January 8, 2013

Learn to Use Figurative Language

Work with Images

The Discovery of Poetry by Frances Mayes can be a valuable text for poets.  I’ve gathered some insights from this excellent resource and present them here:

The painter Degas said he had many ideas for poems but couldn’t manage to say what he wanted. His friend, Mallarme, replied, “My dear Degas, one does not make poetry with ideas but with words.”  

There are two kinds of writing: literal and figurative. A literal image remakes something in words; it works as a photograph. A figurative image (also called a trope) will:

  • expand the sensory perception beyond the literal meaning
  • give pleasure or surprise to the imagination
  • impart vigor by the inclusion of another active sensory detail
  • intensify the deeper intention in the poem by adding the new dimension of the figurative image

Simile - a comparison that uses the word as or like

Silken Tent
by Robert Frost

She is as in a field a silken tent
At midday when the sunny summer breeze
Has dried the dew and all its ropes relent,
So that in guys it gently sways at ease,
And its supporting central cedar pole,
That is its pinnacle to heavenward
And signifies the sureness of the soul,
Seems to owe naught to any single cord,
But strictly held by none, is loosely bound
By countless silken ties of love and thought
To everything on earth the compass round,
And only by one's going slightly taut
In the capriciousness of summer air
Is of the slightest bondage made aware.

Metaphor -  “this is that” -- it transfers the meaning of one thing to another thing

754/   My Life had stood -- a Loaded Gun --
Emily Dickinson

My Life had stood -- a Loaded Gun --
In Corners -- till a Day
The Owner passed -- identified --
And carried Me away --

And now We roam in Sovereign Woods --
And now We hunt the Doe --
And every time I speak for Him --
The Mountains straight reply --

And do I smile, such cordial light
Upon the Valley glow --
It is as a Vesuvian face
Had let its pleasure through --

And when at Night -- Our good Day done --
I guard My Master's Head --
'Tis better than the Eider-Duck's
Deep Pillow -- to have shared --

To foe of His -- I'm deadly foe --
None stir the second time --
On whom I lay a Yellow Eye --
Or an emphatic Thumb --

Though I than He -- may longer live
He longer must -- than I --
For I have but the power to kill,
Without -- the power to die --

Besides simile and metaphor, a poet can employ other tropes or techniques:  

Synesthesia : one sense expressed in the terms of another

A crinkled paper makes a brilliant sound (Wallace Stevens)
And the Sabbath rang slowly/ In the pebbles of the holy streams (Dylan Thomas)

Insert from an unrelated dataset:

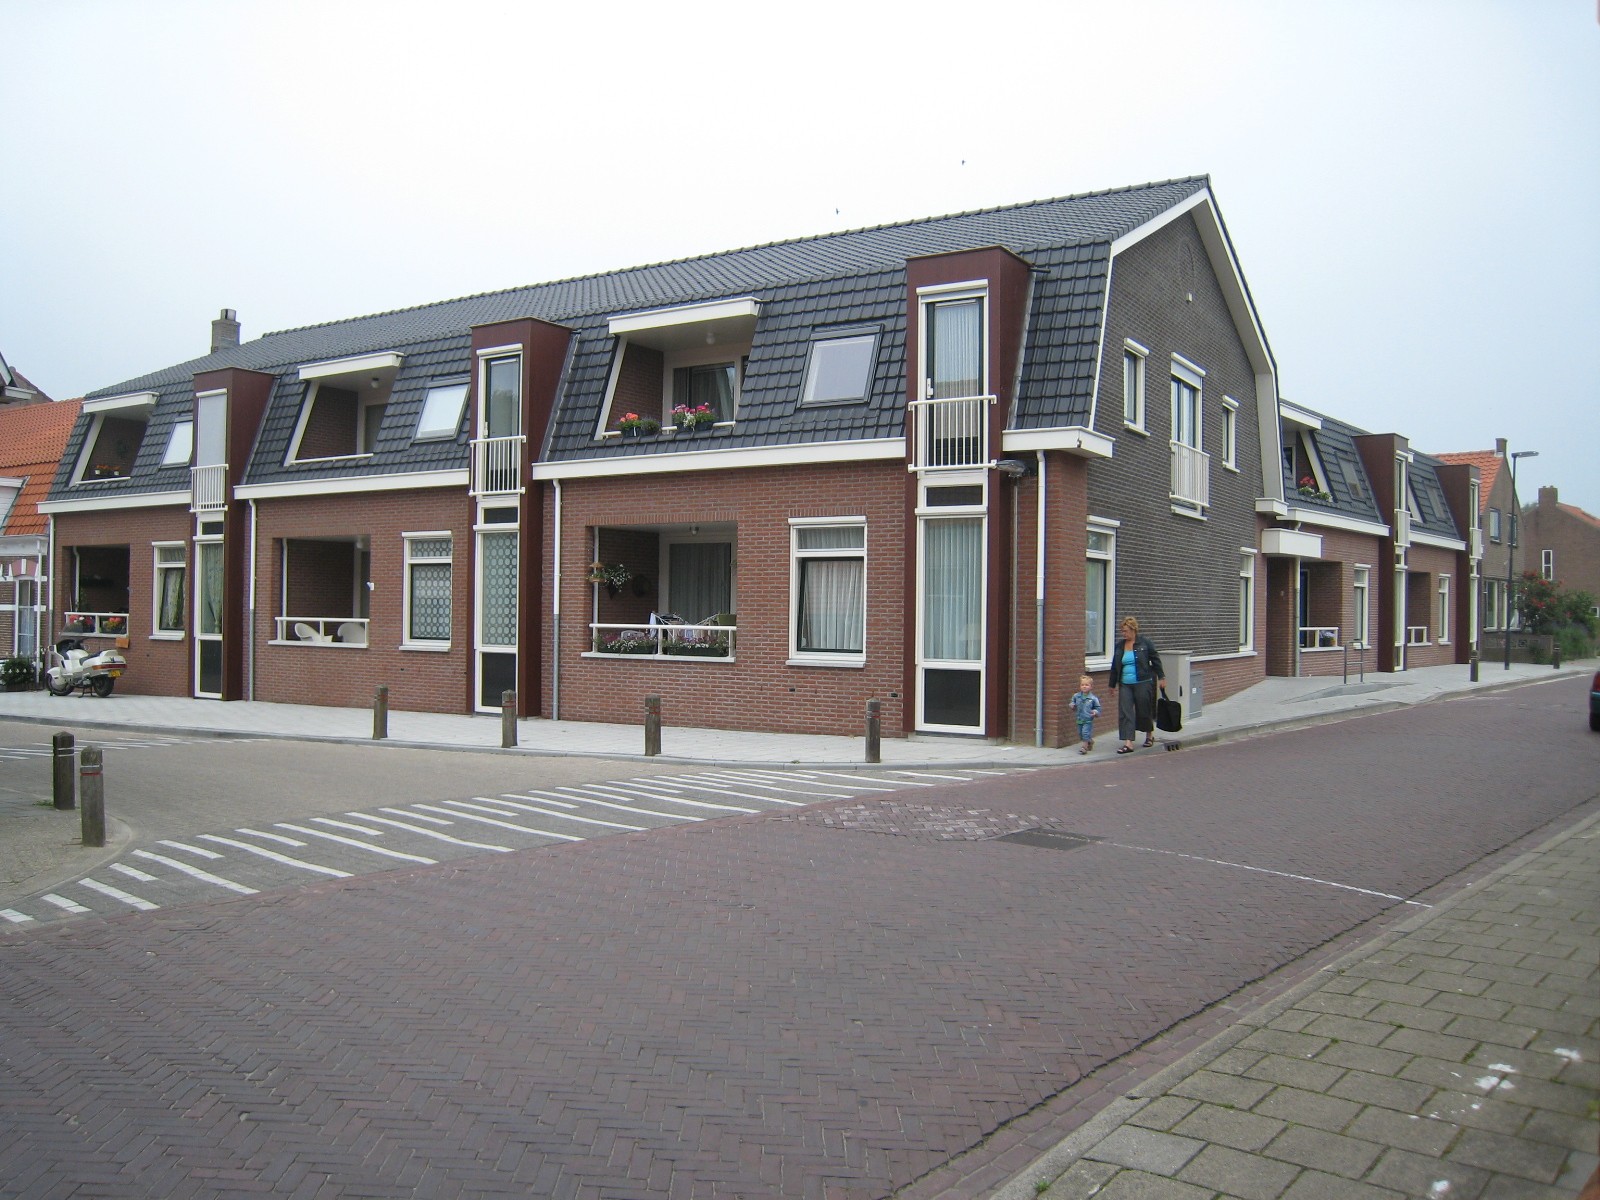 De Kroon 7, 4434 AV Kwadendamme, Nederland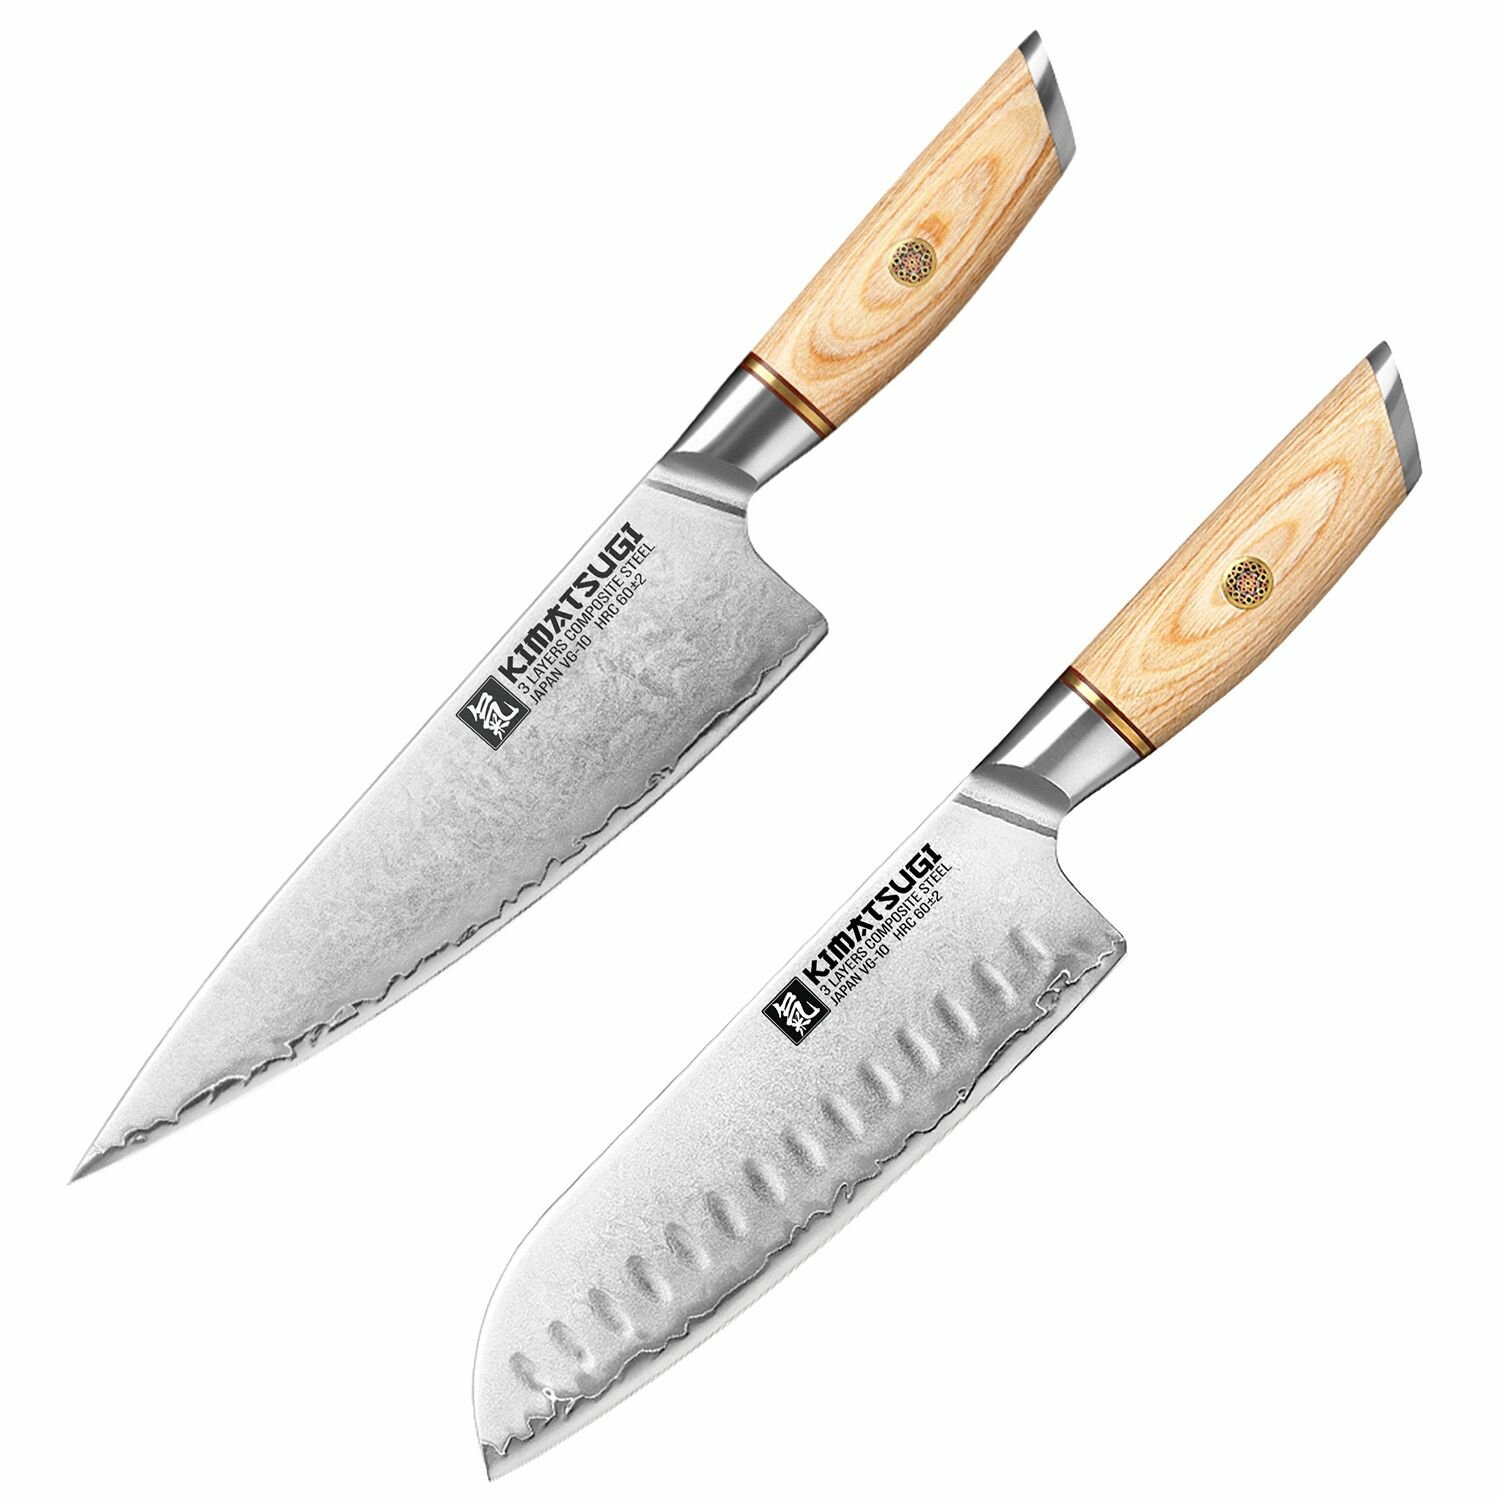 Набор кухонных японских ножей Kimatsugi Yorokobi. Сантоку и Шеф. Дамасская сталь 3 слоя. VG-10 в обкладках. Каждый нож в подарочной коробке

I stayed overnight at a motel by the E3./In my room a smell I'd felt before (Tomas Tranströmer)
Use of associations

  • Metonymy: an identifying emblem is substituted for the whole name, ex: a red, for communist; old salt, for sailor;
           Her voice is full of money.  (F. Scott Fitzgerald)
  • Synecdoche:  a piece of part of the whole represents the whole (keeps to itself for the representing image) ex: redneck

Personification- gives human qualities to a thing or to something not human

Figurative language greatly enhances the power of a poem.  

Mayes, Frances. The Discovery of Poetry: A Field Guide to Reading and Writing Poetry. c2001. Harcourt Books. Florida.